4. Conclusions and Future Work

This work presented a study of the aging behavior and mechanism of four kinds of asphalt binder (i.e., SK, SBS, A, and B) under hygrothermal environments. FTIR, TGA, DSR, and MSCR tests were conducted to determine the effects of various methods (i.e., TFOT, HCAT, and PAV tests) on the asphalt binders. The following conclusions were made.

(1)

In FTIR analysis, after aging, the decrease in the butadiene index indicated polymer degradation, while the increase in the molecular weight of asphalt binder led to an increase in the carbonyl index. The effects of the hygrothermal environment expedited the decomposition of the polymer and the formation of carbonyl groups compared with the TFOT and PAV test.

(2)

TGA showed that there was only one single mass loss process in all samples, which mainly occurred between 200 and 550 °C. The process involved primarily the decomposition of the residual polymer and hard asphalt binder components. There was a positive correlation between the residual mass at 780 °C and the aging degree of asphalt binder, which corresponded to the change in the carbonyl group in FTIR. The thermal stability of asphalt binder was improved after HCAT. In the hygrothermal environment, the presence of water accelerated asphalt binder aging.

(3)

The results of DSR tests showed that the rutting factor increased obviously after HCAT. This indicated that the rutting factor of asphalt binder was significantly affected by the hygrothermal environment, and its anti-rutting performance was elevated. The master curves also verified this point. The results of MSCR tests showed that the elasticity of base bitumen increased with aging, while high-viscosity modified asphalt exhibited a different elastic response to different aging methods. Under the hygrothermal environment, A and B aged further, and there was an elastic response to different aging methods. Under the hygrothermal environment, A and B aged dramatically.

(4)

In general, the hygrothermal environment aggravated the aging of asphalt binder and significantly promoted the thermal oxidative aging reaction. Therefore, the service life of high-viscosity modified asphalt in long-term hot and rainy climate areas would be shortened. It is necessary to further improve the performance of the resistance of this material to hygrothermal factors.
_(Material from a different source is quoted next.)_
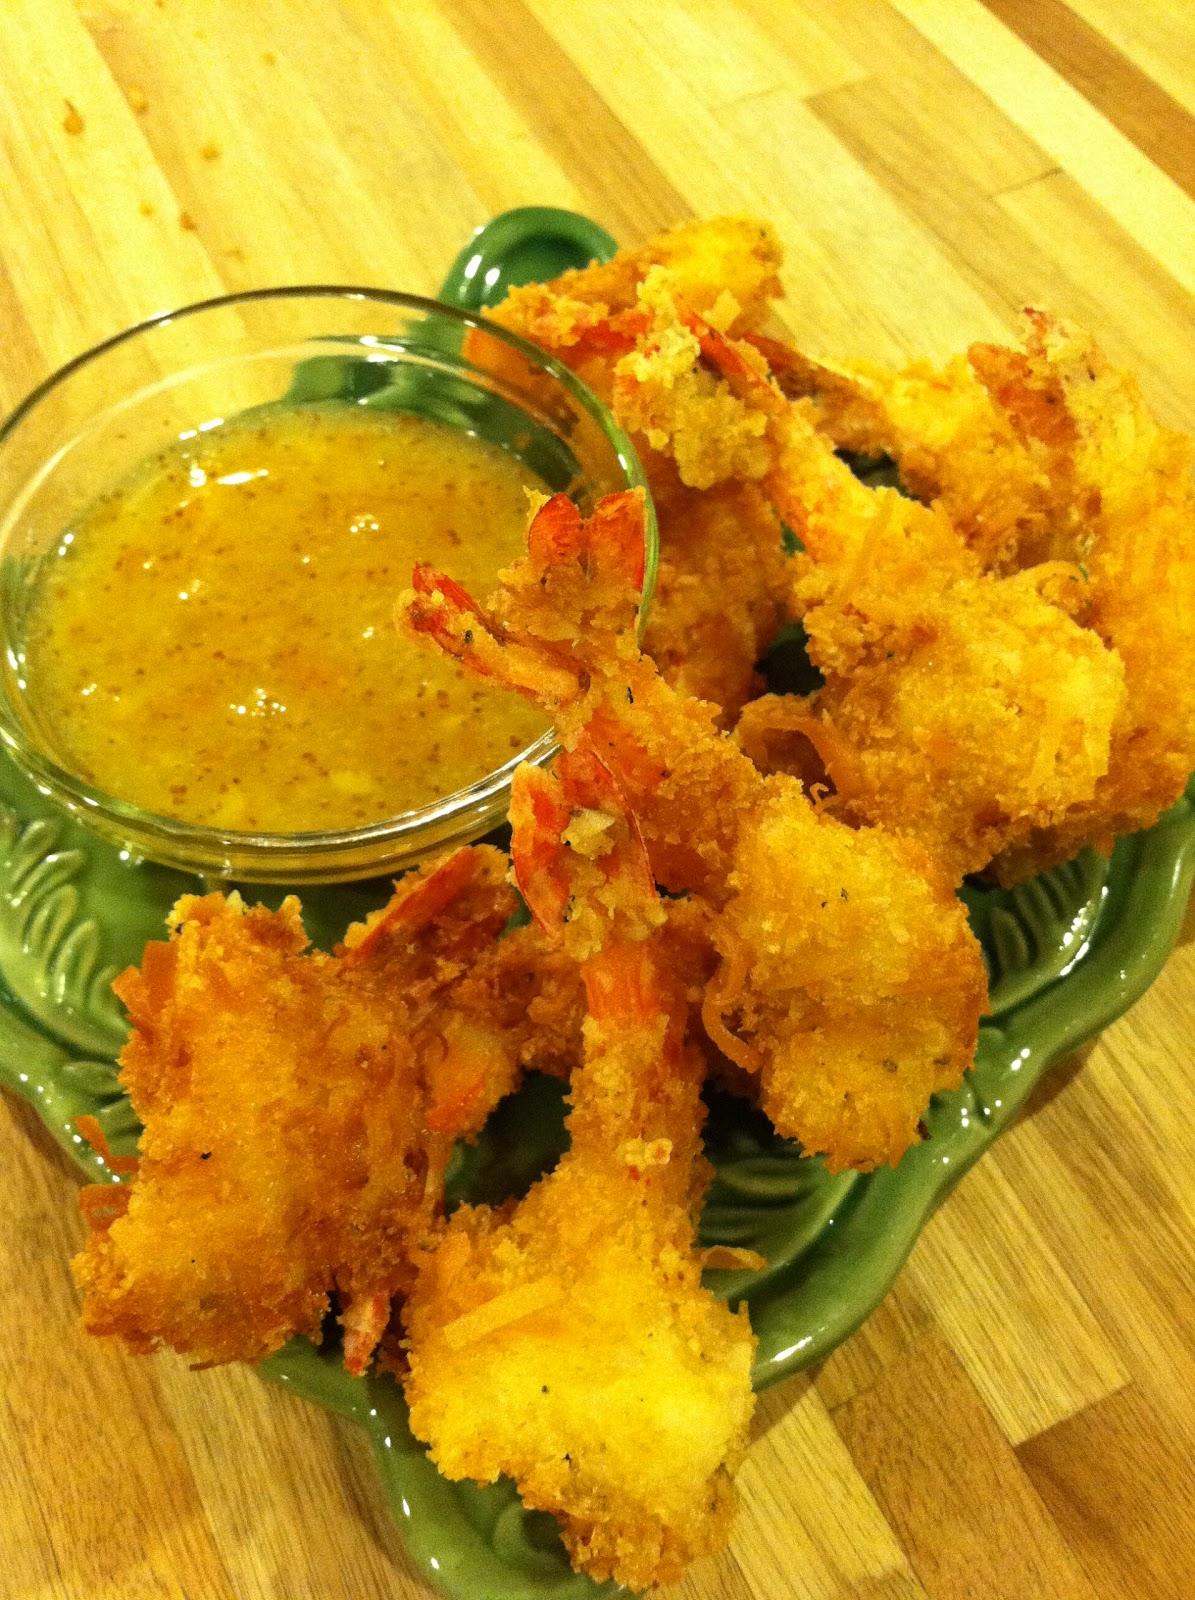 Melissa's Coconut Shrimp with Orange-Marmalade Sauce
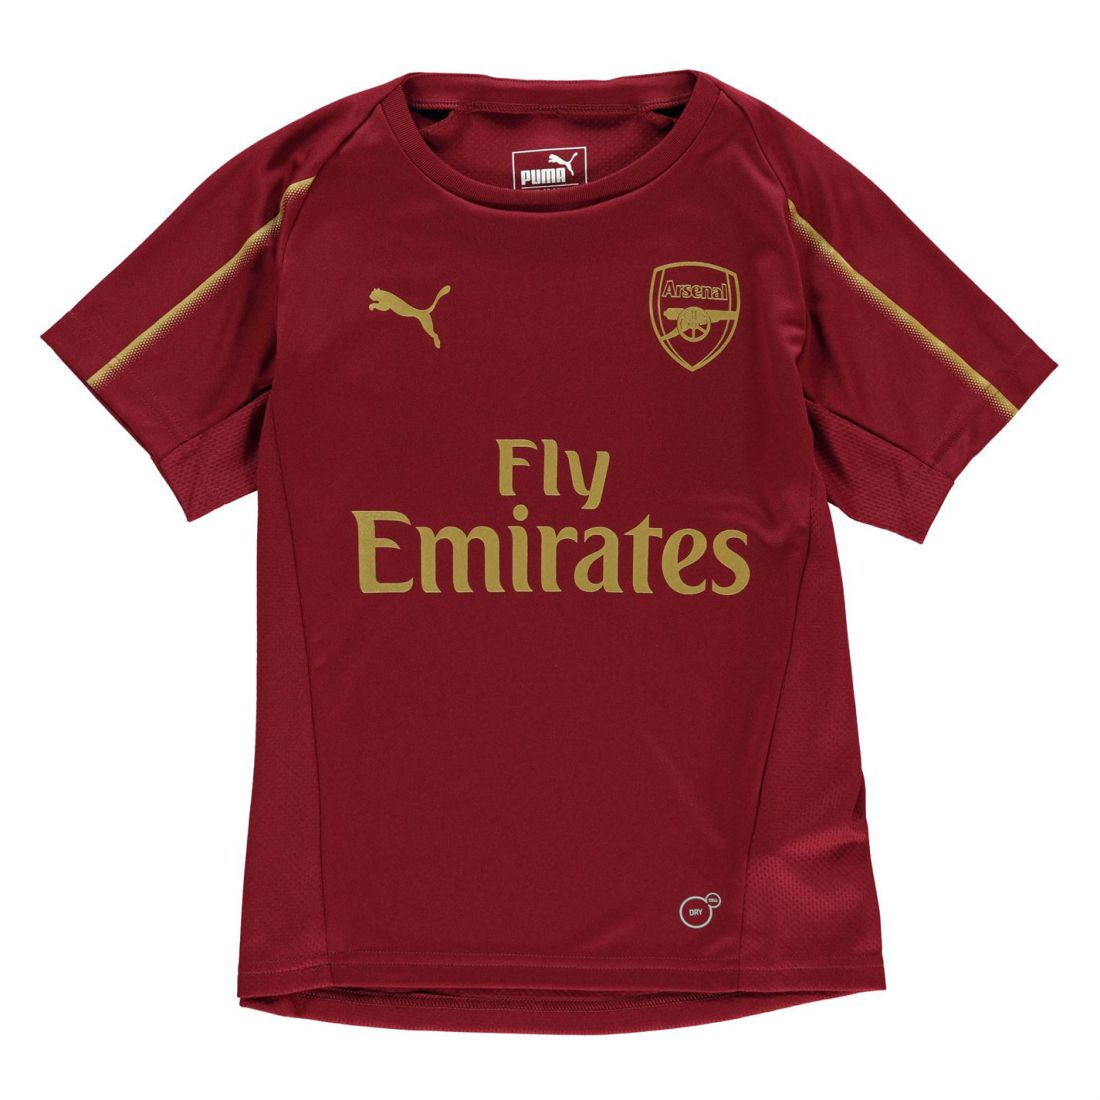 d50f06c37d0 Puma Kids Boys Arsenal Training Shirt 2018 2019 Junior Short Sleeve ...

In the manuscript, a hygrothermal aging test was designed to simulate the aging behavior of HVMA in a megathermal climate. In the test, we selected a constant temperature of 60 °C to explore the coupling effect of humidity and temperature on the performance of HVMA, which still has some limitations and needs further study. Several sets of nonlinearly varying temperature or humidity test conditions can be designed to better simulate the actual road conditions. Moreover, the performance of HVMA under the single factor of temperature or humidity can be explored and combined with the coupling effect of the two factors to comprehensively investigate the influence of hygrothermal environments on the performance of HVMA.

This study has undertaken some exploration of the structural characteristics and rheological properties of high-viscosity modified asphalt binder under a hygrothermal environment, while demonstrating the impact of hygrothermal cycles in accelerating the aging of HVMA, consequently shortening its service life. In the future, studies should endeavor to investigate the performance of asphalt mixtures by evaluating their behavior under hygrothermal environments and analyzing the effects of complex factors, including time, humidity, loading conditions, and corrosive media.